Генерал жил в маленькой каморке, которая за эти несколько дней пропиталась запахом махорки и керосина. Старичок жил на остатки сбережений, аккуратно рассчитывая каждую копеечку, сам себе готовил на примусе обед, состоявший из картошки и луку, никакими услугами своих квартирных хозяев он пользоваться не желал. Исидор Константинович еще с детства страдал идеей независимости, которая временами съедала его, как болезнь. Еще в школе его заветной мечтой было сделаться «никем», в крайнем случае устроить в лесу пчельник. За такие «идеи» отец его бил и выводил в люди, что называется, «за уши». Но так как Исидор Константинович отбился от настоящего образования, то его пришлось пустить «по военной карьере».

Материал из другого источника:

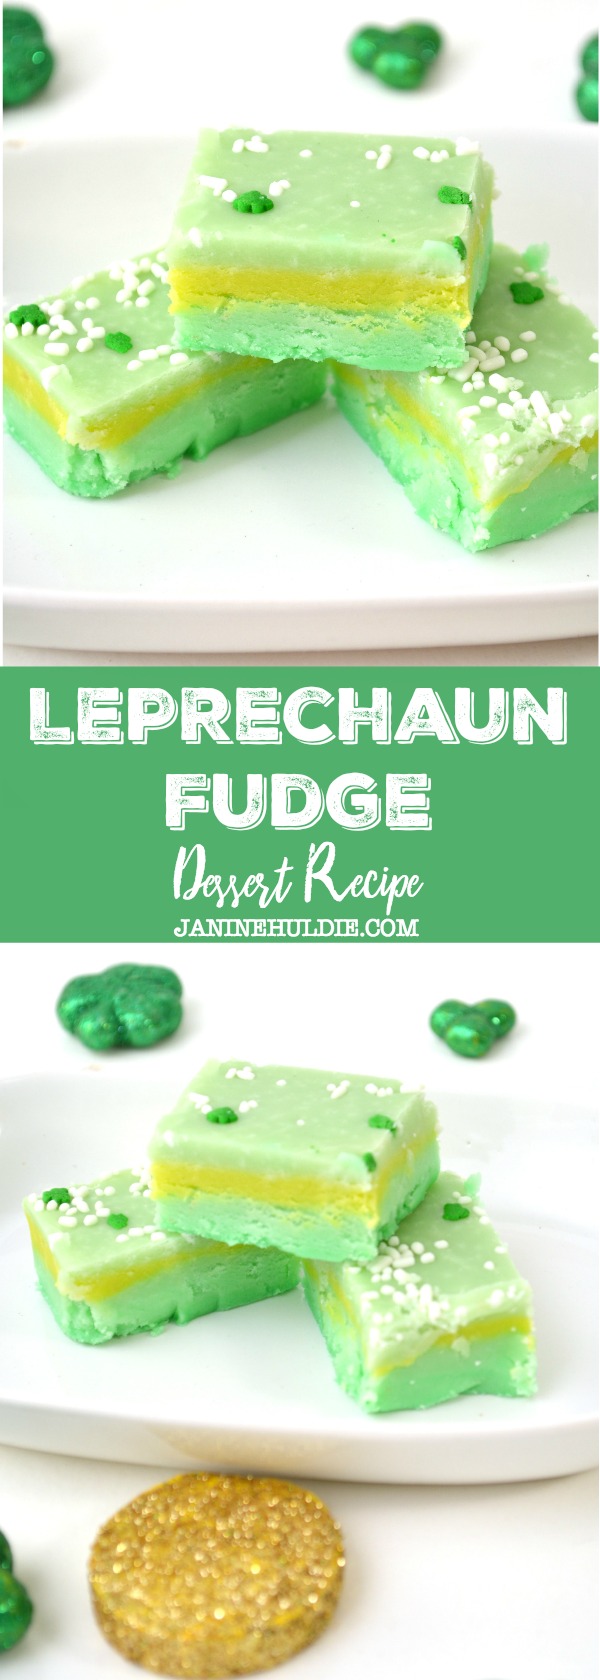 Leprechaun Fudge Dessert Recipe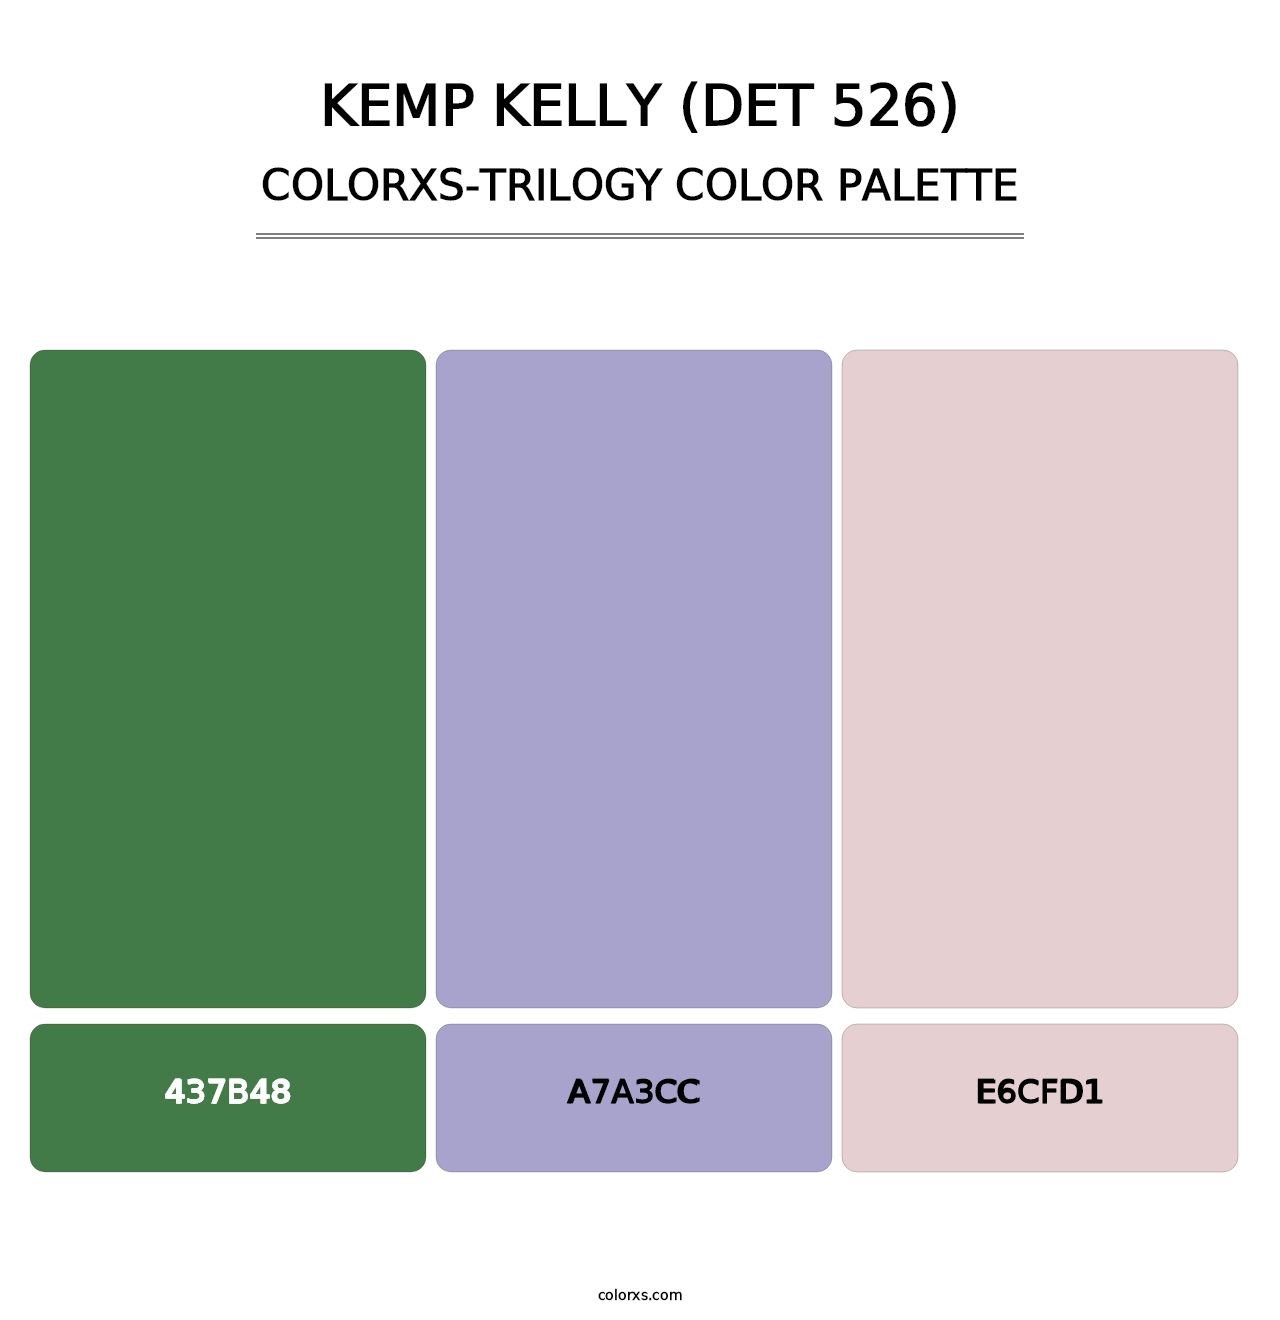 Kemp Kelly (DET 526) - Colorxs Trilogy Palette

— Как? Какими судьбами вы попали сюда? Как вы нашли меня?
Генерал был не столько рад, сколько удивлен. Он знал Настю как революционерку, которая побывала в тюрьме и далекой архангельской ссылке. И вот теперь — странно, когда революция победила и все, кто раньше боролся за нее, должны быть у власти — теперь она приходит к нему, к забитому, к побежденному, к генералу.
— Садитесь, — и генерал гордо, чисто генеральским жестом предложил ей сесть.
В это время в каморку, приотворив дверь, заглянули поочередно две озорные физиономии: мальчишка Володька и его сестра Нюра — дети фабриканта Копылова. Оба жевали шоколад.
— Хе-хе-хе.
— Хи-хи-хи.
И две пары резвых ног поспешно убежали в дальние комнаты. Генерал только передернул плечом. Очевидно, эти дети его постоянно дразнили.
— Я слышала, ваши уехали, — сказала Настя.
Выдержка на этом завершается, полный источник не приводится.